# Data:

---

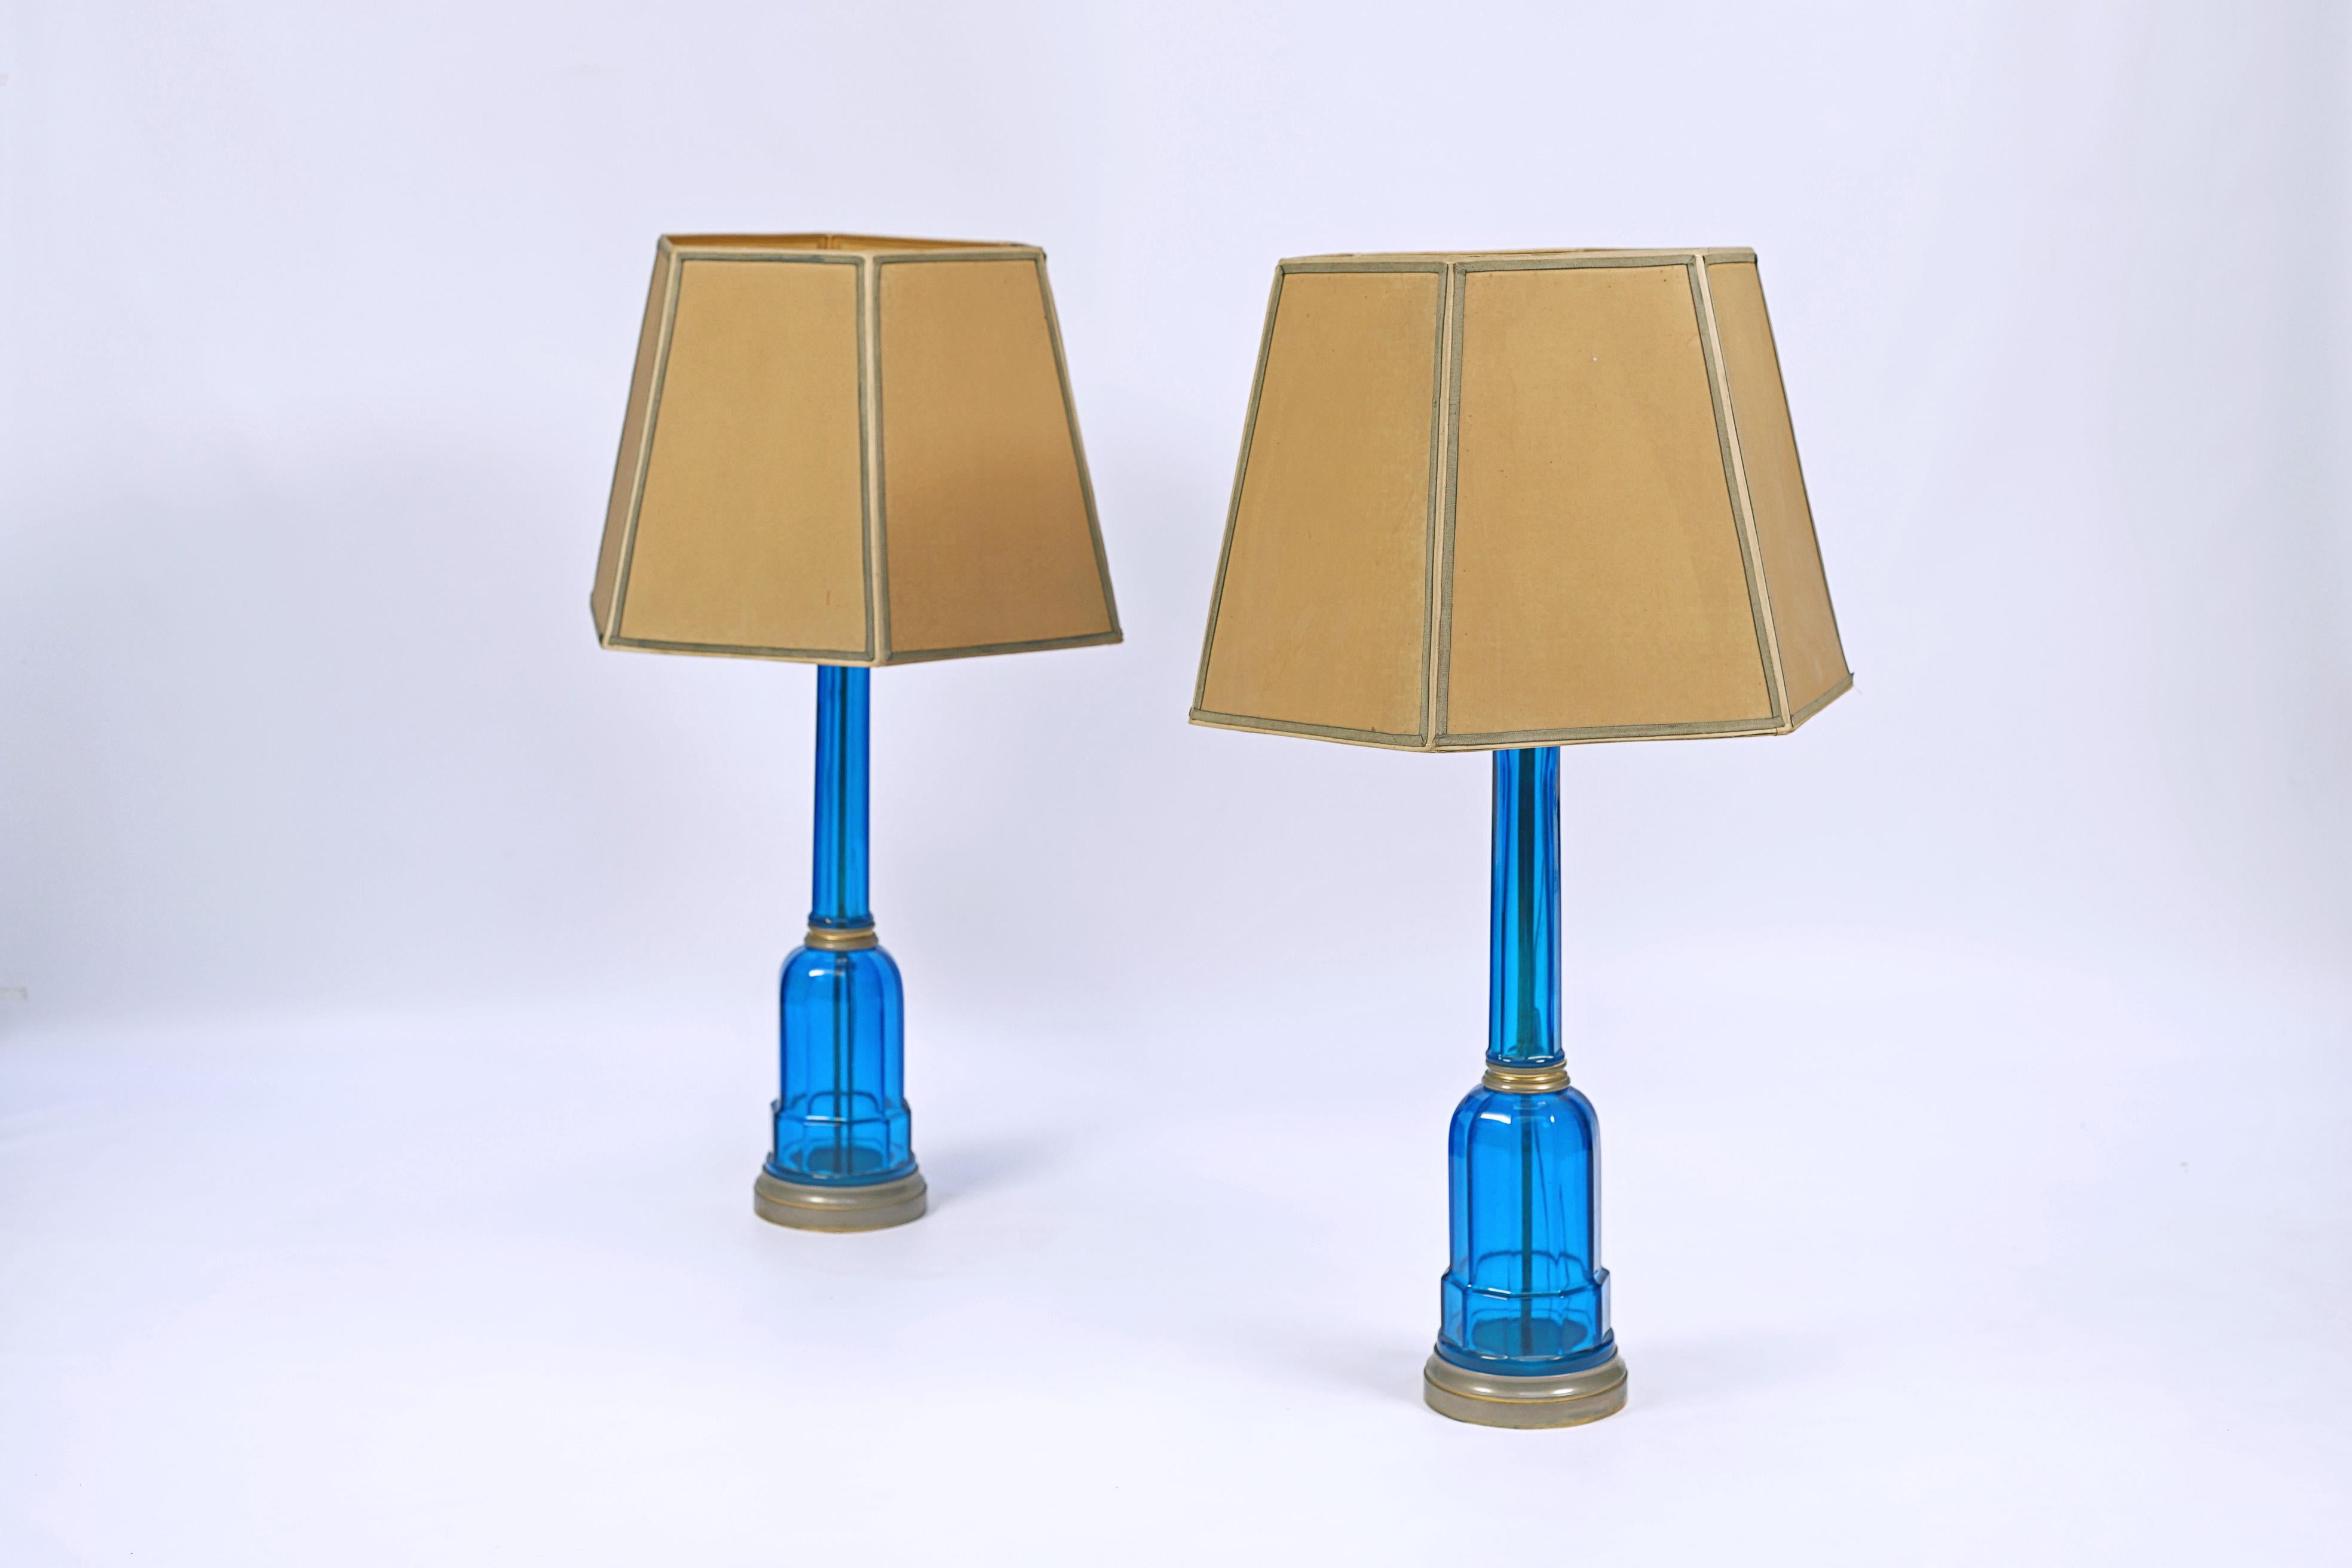 Paar Lampen aus blauem Kristall. Sechseckige Form und Details aus Bronze.

Europa, CIRCA 1930.
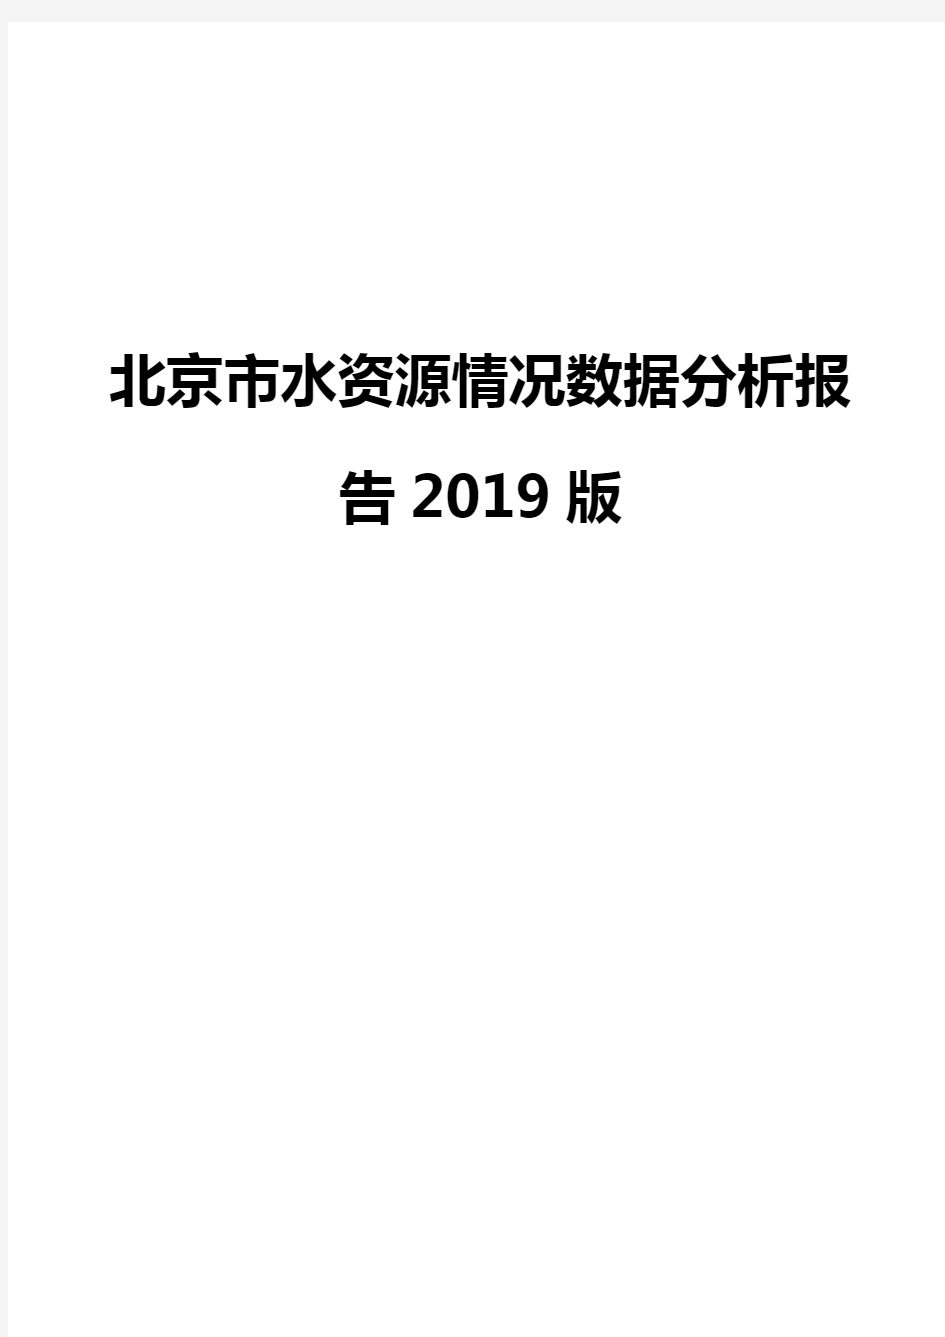 北京市水资源情况数据分析报告2019版

---

# Exercise directions:
Restate all of the material word for word, leaving every picture out.

# Response to the task:
 Paar Lampen aus blauem Kristall. Sechseckige Form und Details aus Bronze.

Europa, CIRCA 1930.
 北京市水资源情况数据分析报告2019版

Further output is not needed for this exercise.